As early as the 1940s, developed countries have studied the machinability of gray cast iron. Nowadays, the cutting performance of gray cast iron has been deeply studied in developed countries. After a large number of long-term experimental research and factory data statistics, the maturity of gray cast iron can be derived from the composition of gray cast iron by mathematical method. The maturity shows that the influence of metallurgical factors on the material of gray cast iron can not be ignored. Through maturity, we can not only judge the quality of production conditions, but also know the degree of production conditions. Combined with metallographic observation, it can provide casting producers with methods to find problems and directions to improve production conditions and processes.

At the same time, the traditional concept of high strength and high hardness of gray cast iron has been changed. According to the maturity, the foundation for discussing the machinability of cast iron can be stably laid, and this idea can be developed at the same time. Collini et al. Found that the very practical tool for studying the machinability of gray cast iron is the quantitative analysis of metallography. Strictly controlling the casting process of gray cast iron can obtain good microstructure and excellent machinability.

The cutting performance of domestic gray cast iron cylinder block materials has been improved after a lot of research and test. However, with the international standard requirements of Chinese gray cast iron production, the problem of poor machining performance is becoming more and more prominent in production and application. With the wide application of precision and high-speed cutting machine tools, it is urgent to improve the cutting performance of gray cast iron. Casting technicians found in production research that sometimes even if the hardness, chemical composition and metallographic structure of domestic gray iron castings are similar to those of imported gray iron castings, the cutting performance of domestic gray iron castings still lags behind that of foreign countries. For example, the gray cast iron engine cylinder block produced by FAW casting is processed on the advanced processing line introduced from Germany, including a full set of cutting tools. The production efficiency reaches 800 pieces per shift, more than twice that of similar domestic processing lines.
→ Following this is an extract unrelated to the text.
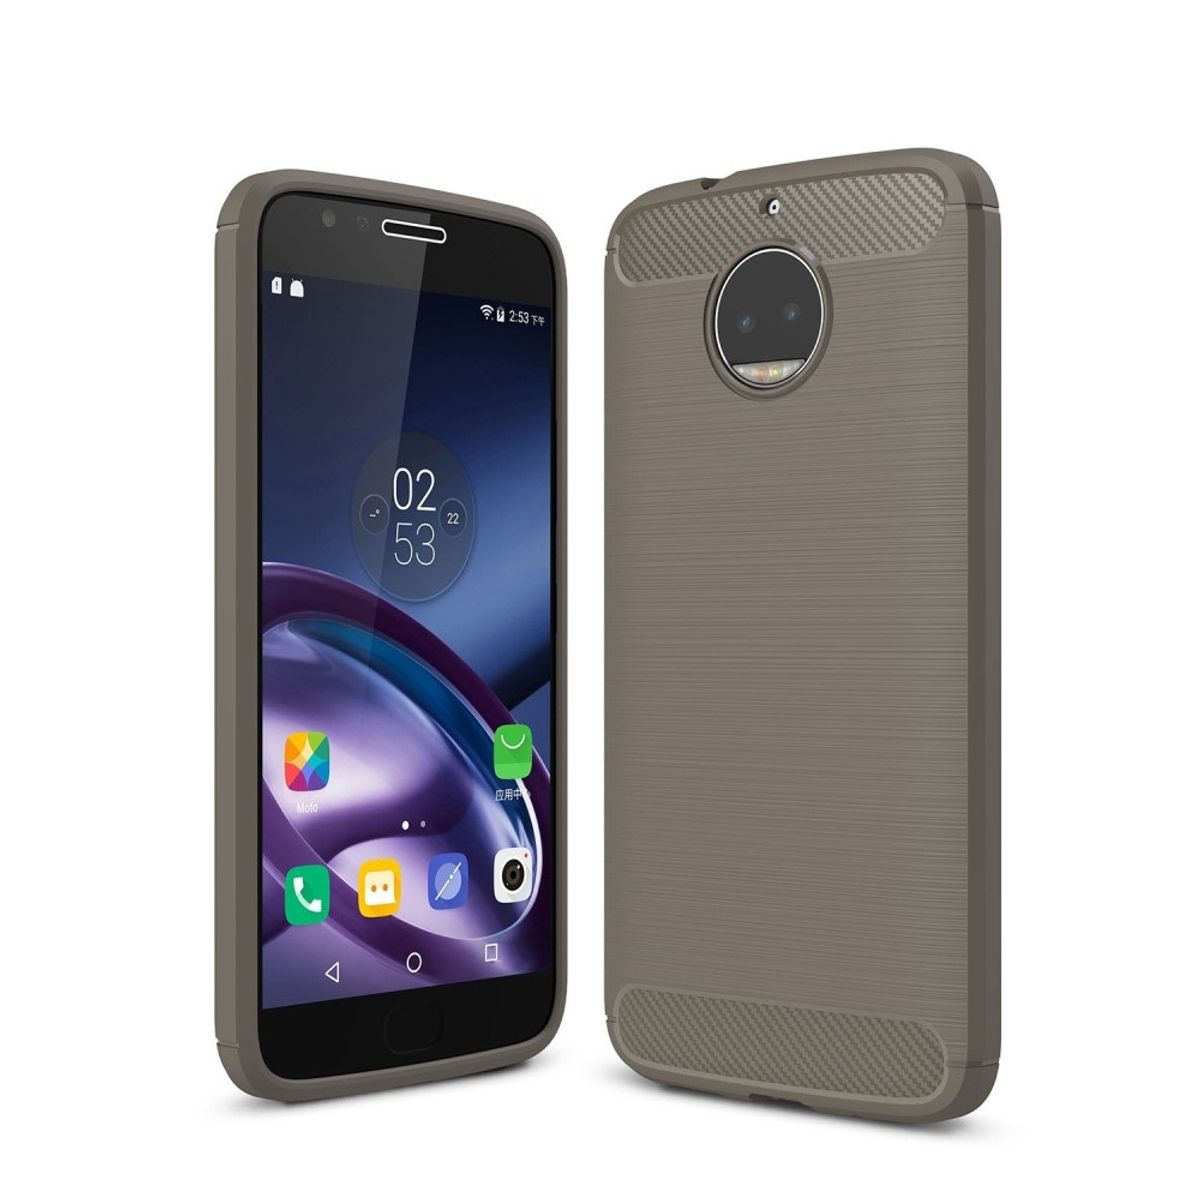 König Design Motorola Moto G5S Plus Cover TPU Case Silikon Schutz-Hülle Handy Bumper Carbon Optik Grau - Air Cushion Technology

Even so, the machinability of cylinder castings has become a thorny problem in the early stage of production. Compared with the cylinder block produced in Germany, the engine cylinder block produced by FAW casting has a significant gap in cutting performance. In terms of fine boring process, the cylinder block produced in Germany can process more than 1000 pieces with new tools every time, while the cylinder block produced by FAW casting can only process 100 pieces with new tools every time, and the wear difference of tools is more than 10 times. This not only increases the cost of tool consumption, but also reduces the production efficiency due to frequent tool change. It is more urgent to effectively improve the machinability of gray cast iron.